Riley conceded that the problem blacks have today is one of culture impeding progress. In the New York school system, for example, 70% of the students are black or Hispanic, and 80% of these are operating below grade level. Cultural problems exist and need to be addressed but talking about them has become taboo in the black family. It’s impossible to talk logically about these problems in the black family. For example, black families do not talk about black crime rates but talk instead about black incarceration rates. In today’s black culture, white sounding speech is avoided and mocked.

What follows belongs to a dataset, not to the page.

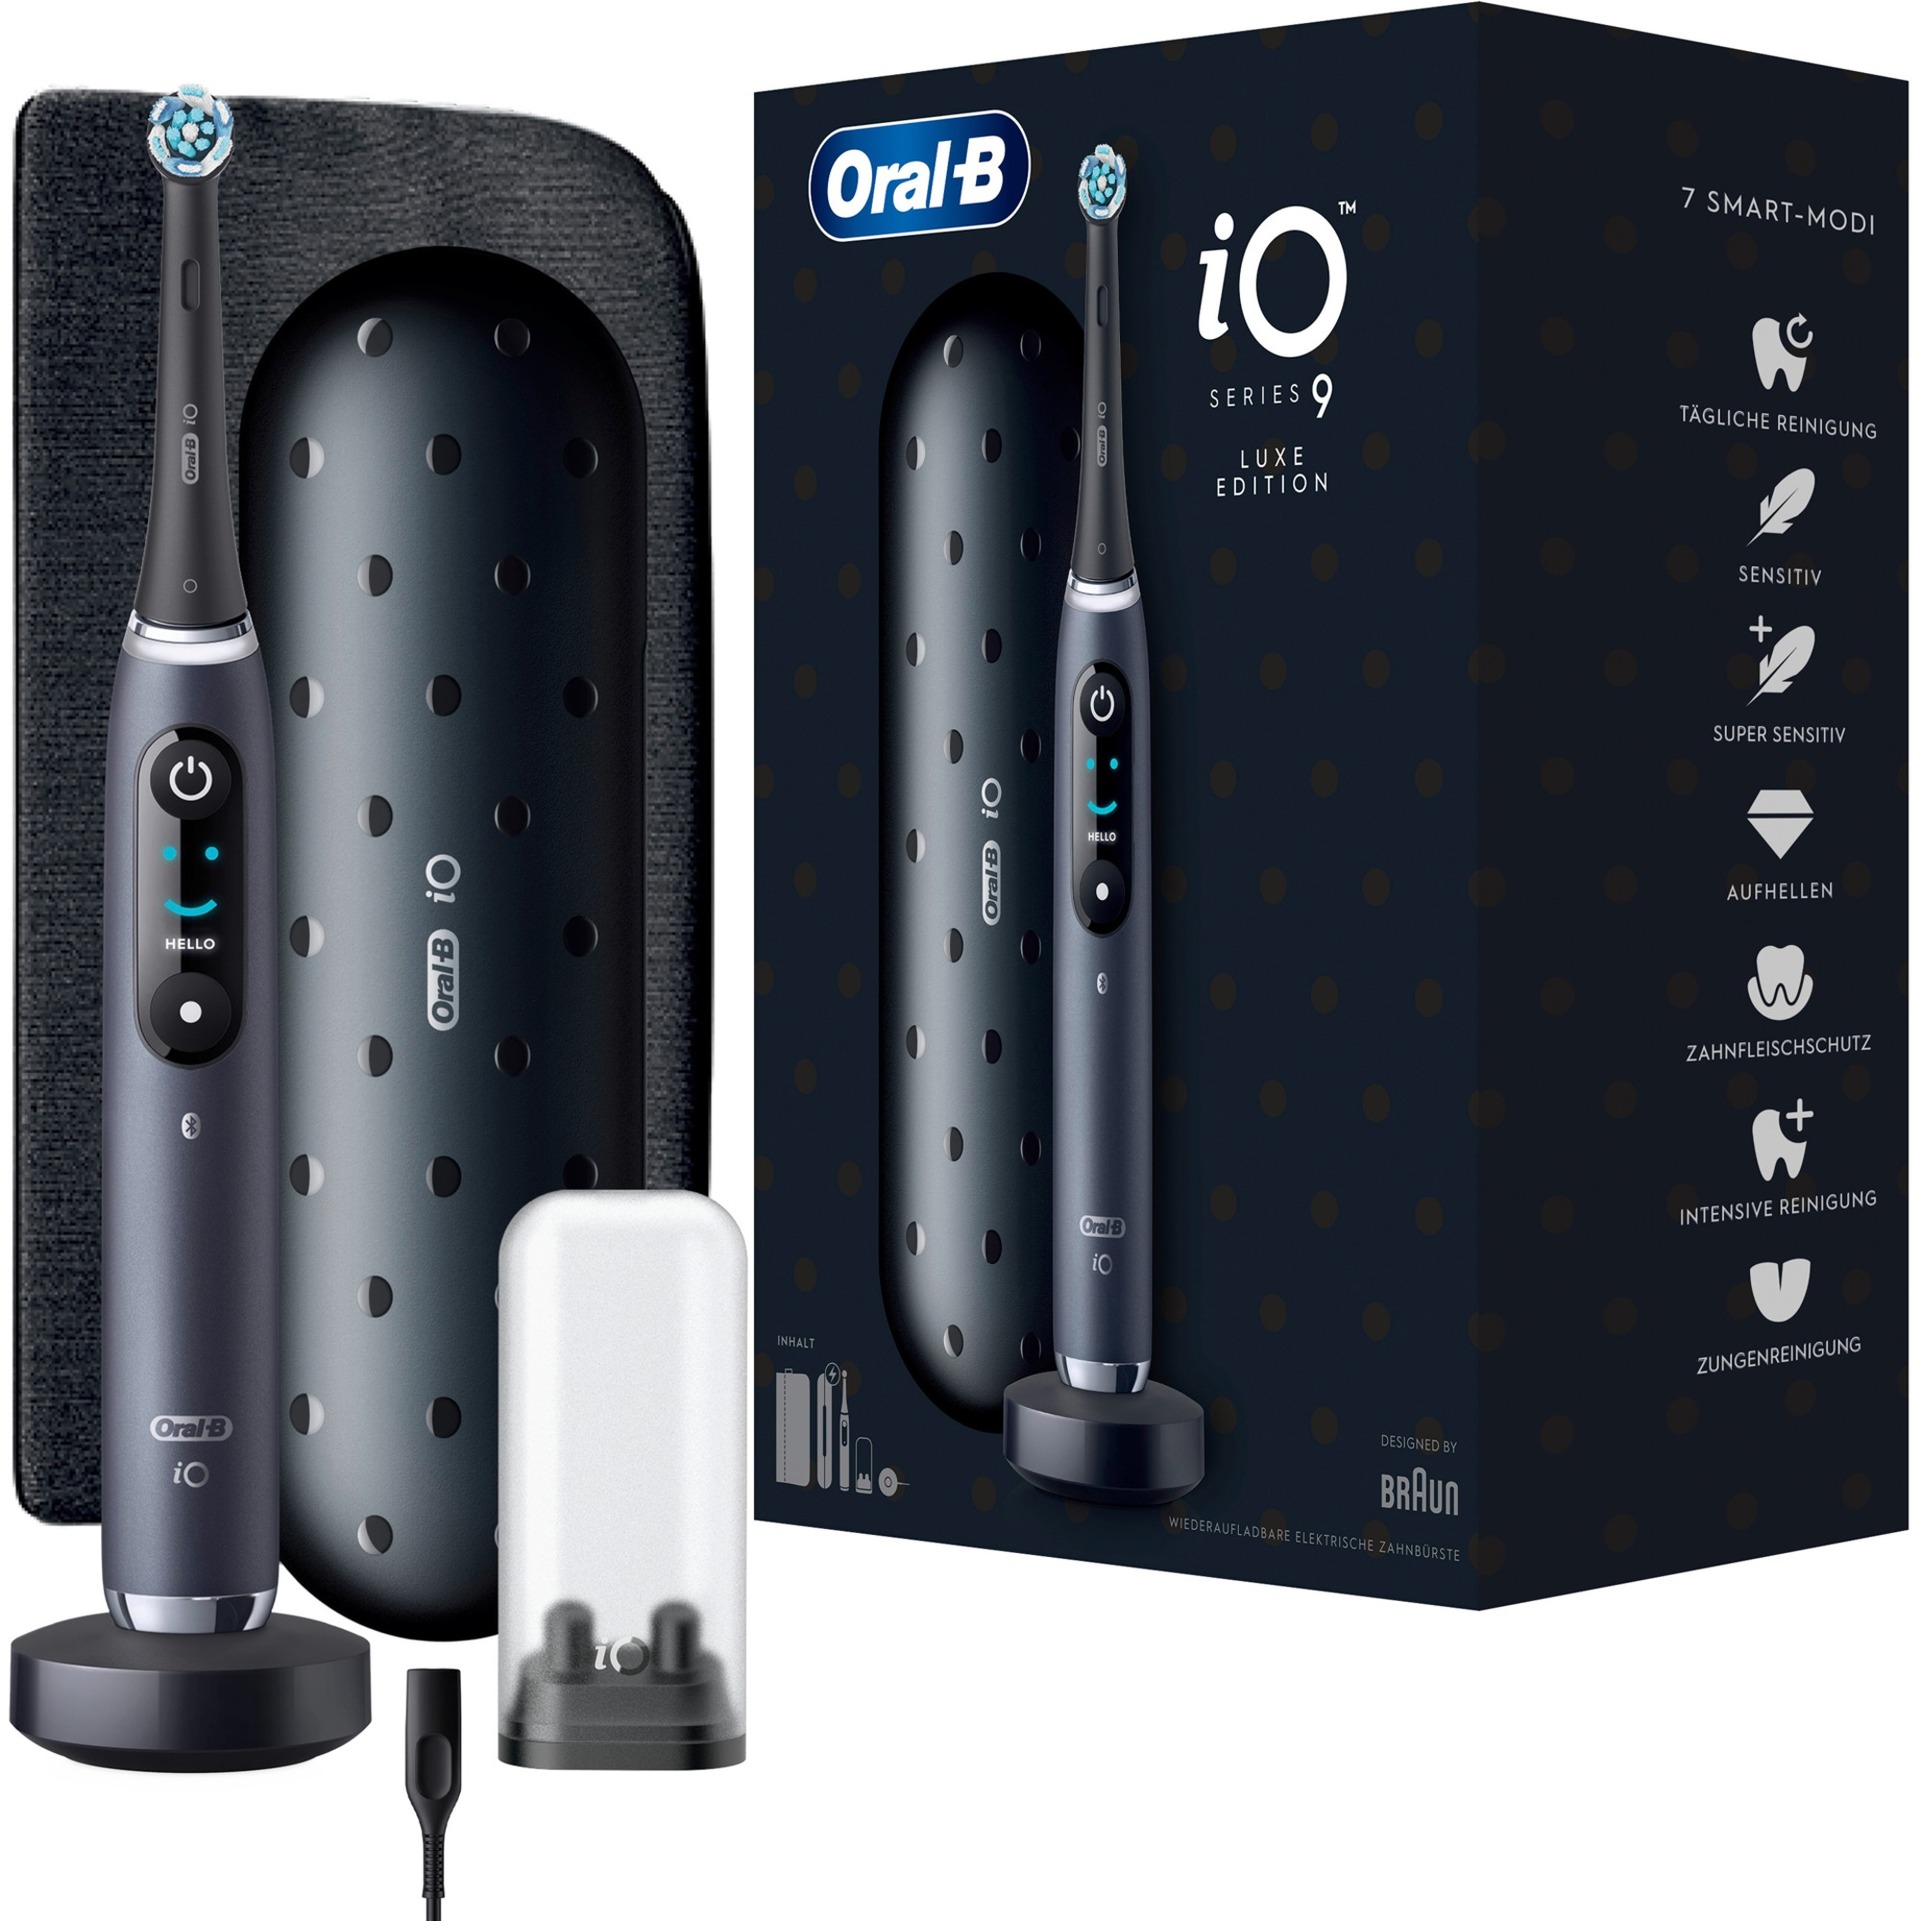 Oral-B iO 9 Luxe Edition Elektrische Zahnbürste, Magnet-Technologie, 7 Putzmodi, 3D-Analyse, Farbdisplay, Lade-Reiseetui & Beauty-Tasche, black onyx

The fact is, blacks are only 13% of the population in this country but commit more than 50% of the murders. Roughly 7,000 blacks are murdered every year. 90% of these are killed by other blacks. Homicide is an epidemic -- a true tragedy. The question is whether the black men who are doing all this killing value black lives? The fact is, homicide is the leading cause of death by young black men in the United States – only 2% of the shooting deaths involve cops and 98% don’t involve cops.
Violence in black neighborhoods has enormous economic consequences. Jason Riley said poverty does not cause violence. Violence causes businesses to leave along with the jobs. The reason black neighborhoods experienced less violence during the Jim Crow years is because the people were busy, involved in learning how to be self-reliant. They were working. Jason Riley concluded that it is vastly more important that blacks be ready to take advantage of equal rights when opportunities occur. He emphasized, black socio-economic problems must be solved in the home, not in politics.
In the Q & A session, Jason Riley noted that school choice is hugely popular in the black community. The problem with the teachers’ union he said is that they don’t want students to go to schools the union cannot organize. Asked about President Trump’s plan to work with church leaders in Chicago, Riley said many blacks like the forthrightness of President Trump. He added, we should be careful not to confuse the agenda of groups like the NAACP with the needs and perceptions of everyday rank-and-file blacks. Asked about why he grew up so differently than others in his family, he confessed he could not answer that question. About the political practice of gerrymandering, he said it’s outdated and not necessary. Asked about upholding free speech on campuses, Riley said that it’s up to the adults to set the standards because kids will be kids. Asked why President Obama focused on police brutality, Jason Riley replied “identity politics” and “political expediency”. Asked about the Housing Act of 1968, he said the Housing Authority pendulum has swung too far and social engineering is not effective. The fact is, most blacks want to live in mostly black neighborhoods. Asked about why the facts he has presented are being ignored, he answered that those on the left in their identity politics have no interest in solving issues. He added humorously, “Do you think ‘Black Lives Matter’ has any interest in resolving black issues?”
Asked about how people can help, Jason Riley answered that those who wish to get involved should focus on public policy. Stop trapping kids in failing schools. Stop pricing young people out of the labor force with minimum wages. Stop regulating. Let businesses develop and operate with less restraints. Work on restraining the policy makers. Allow success to happen. The Forum audience thanked Jason Riley with long applause. He had provided a volume of excellent information.